The Amateurliga Saarland was the highest football league in the state of Saarland and the third tier of the German football league system from 1951, when the clubs from the Saar returned to Germany, till the formation of the Oberliga Südwest and the Verbandsliga Saarland below it in 1978.

Overview 
The Ehrenliga Saarland was formed in 1947 in the state of Saarland. The league was originally a feeder league to the Oberliga Südwest. Due to the special situation of Saarland, its clubs left the German football league system from 1948 to 1951 with the 1. FC Saarbrücken playing a year in the French second division.
Three seasons in this period were played under independent Saarland Football Association control.
From its return in 1951, now under the name of Amateurliga Saarland, until the establishment of the Oberliga Südwest in 1978, it was the third tier of the football league system.

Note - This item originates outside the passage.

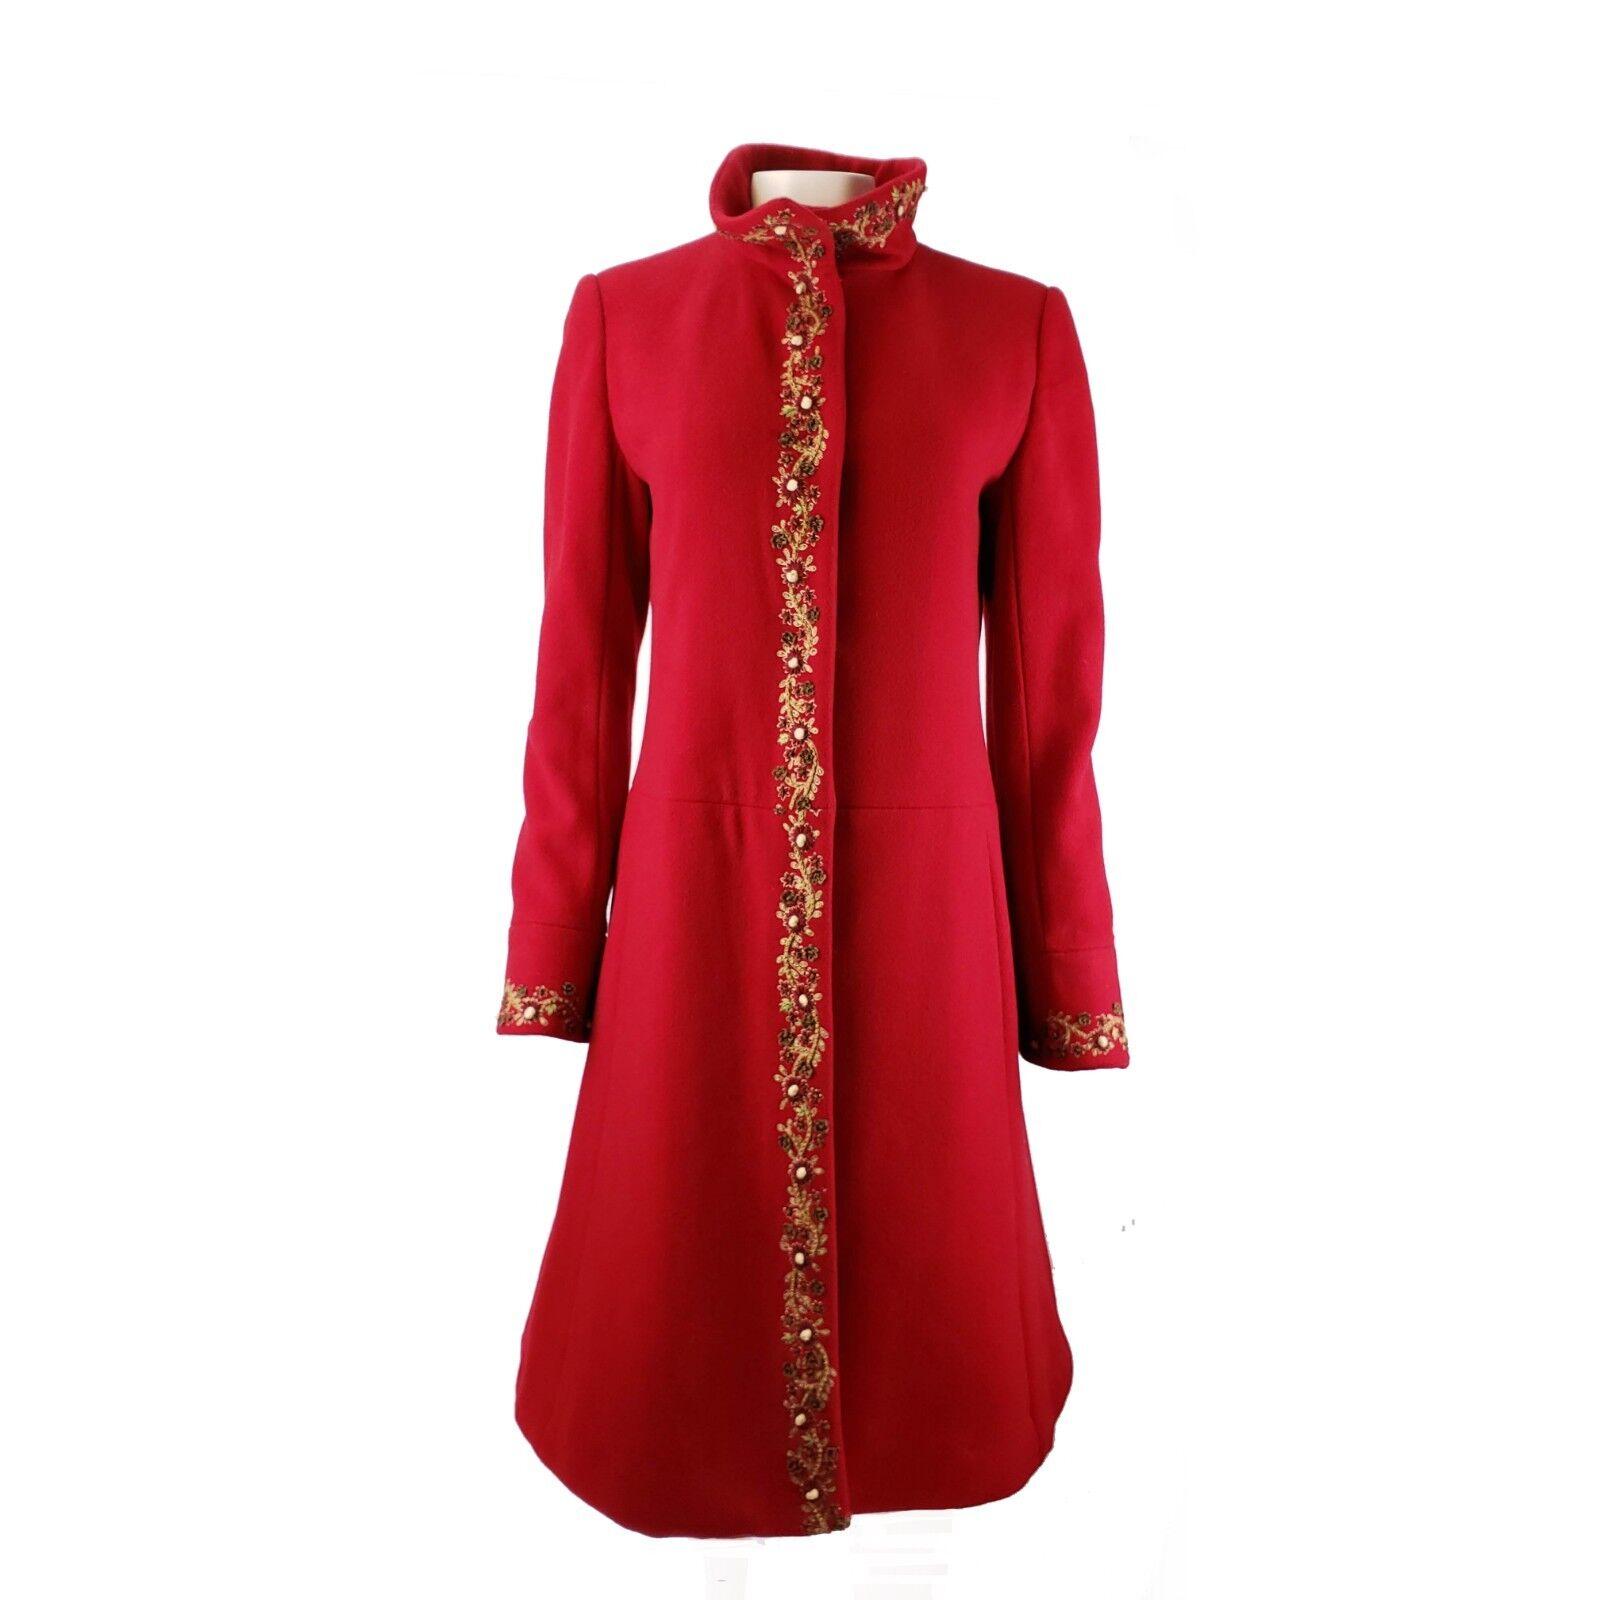 Oscar De La Renta Red Wool Cashmere Blend Embroidered Coat Womens 4 Funnel Neck

The league was established in 1947 with ten teams, the winner gaining promotion to the Oberliga Südwest. The founder members were:
 FC Homburg
 Sportfreunde Burbach
 FC Ensdorf
 SC Brebach
 Preußen Merchweiler
 FV Püttlingen
 SV Ludweiler
 ASC Dudweiler
 SV Bliekastel
 Hellas Marpingen
 Viktoria Hühnerfeld

With the return to the German league system in 1951, two teams from the Amateurliga were admitted to the Oberliga Südwest, the 1. FC Saarbrücken and Borussia Neunkirchen.

The year after, three clubs were admitted to the new 2. Oberliga Südwest, the Viktoria Hühnerfeld, SC Altenkessel und Sportfreunde Saarbrücken.

The winner of the Amateurliga Saarland was not automatically promoted to its superior league but rather had to take part in a promotion play-off. The champion would have to compete with the winners of the Amateurliga Südwest and Rheinland.

With the introduction of the Bundesliga in 1963 the Amateurliga was placed below the new Regionalliga Südwest but still retained its third-tier status. It continued to do so after the introduction of the 2. Bundesliga Süd in 1974.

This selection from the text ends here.